FromTheShire: Oh baby. At long last, after….like 10 years? of begging, we finally have a great Werewolf Commander who actually offers tribal support. Edric, Spymaster of Trest is probably a tier 2 cEDH commander because of how damn good this kind of draw is, and while we don’t have the same kind of cheap, evasive threats that blue does, we have ways to get big and trample over and take multiple combat steps so we can get bigger and trample over again to draw more cards so we can end the game. Tovolar is cheap so they can come down early and start causing havoc and drawing you cards, and it can’t be overstated how huge it is to be able to consistently flip your somewhat overcosted Human Werewolves into their terrifying alter egos. They even give you a built in Kessig Wolf Run to help you push damage through and get that sweet draw train rolling. Extremely excited to build this deck, and even more excited to see what other tools we might get in the next set. This is already shaping up to be a huge part of making Gruul terrifying in Standard as well.

 

Credit: Wizards of the Coast

Unnatural Moonrise

BPhilipYork: Another way to force day night, which again, unfortunately, I just don’t think will see much play in commander. If it’s good enough to be playable it’ll probably break constructed formats, but otherwise there will be probably just not be enough support for day/night cards.

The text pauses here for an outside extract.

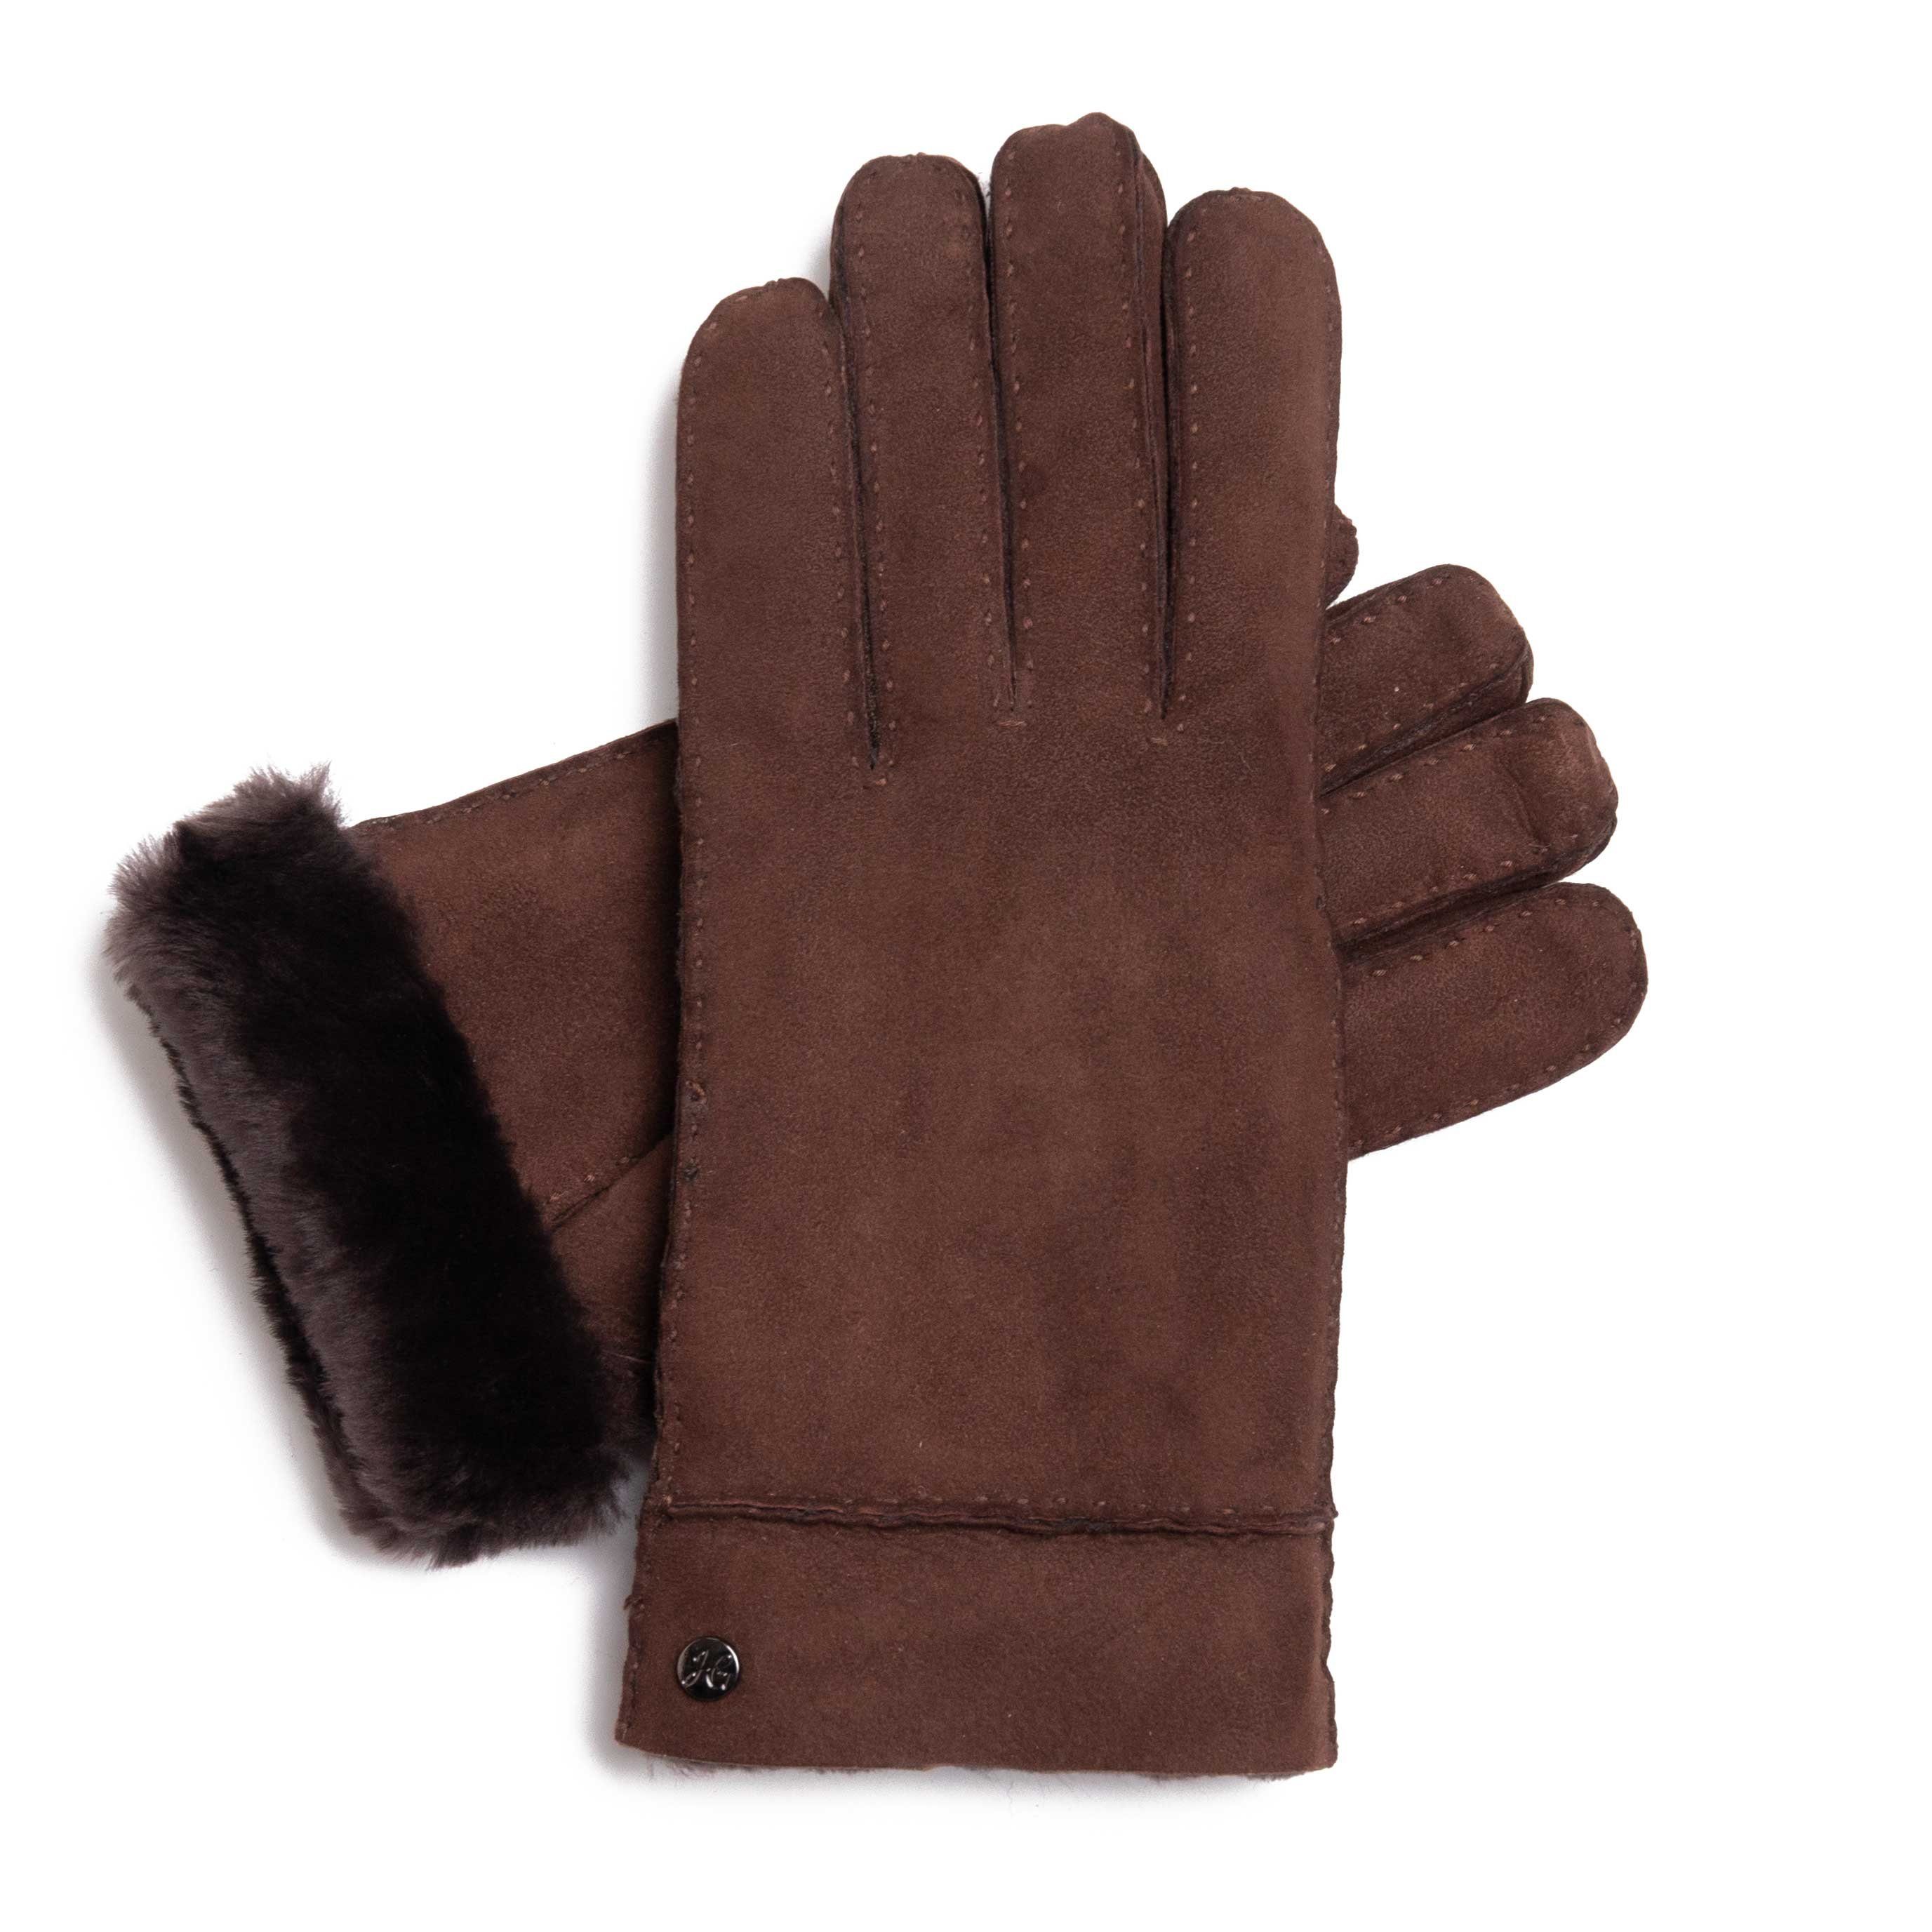 Hand Gewand by Weikert Lederhandschuhe EVA - Lammfell-Handschuhe aus spanischem Merino-Lammfell Dunkelbraun

FromTheShire: An excellent support piece for Tovolar that gives you an imitation if they’re not out, and lets you double up your draw triggers if they are. Very nice.

 

Credit: Wizards of the Coast

Katilda, Dawnhart Prime

BPhilipYork: Inherently turning all humans into mana dorks has a lot of potential, there are quite a lot of human token generators. Is it worth building a deck around? I think that’s the rub. If you do it’ll be a very vulnerable deck to blowing up the commander, but if you don’t the effect isn’t likely to occur often enough to be very meaningful.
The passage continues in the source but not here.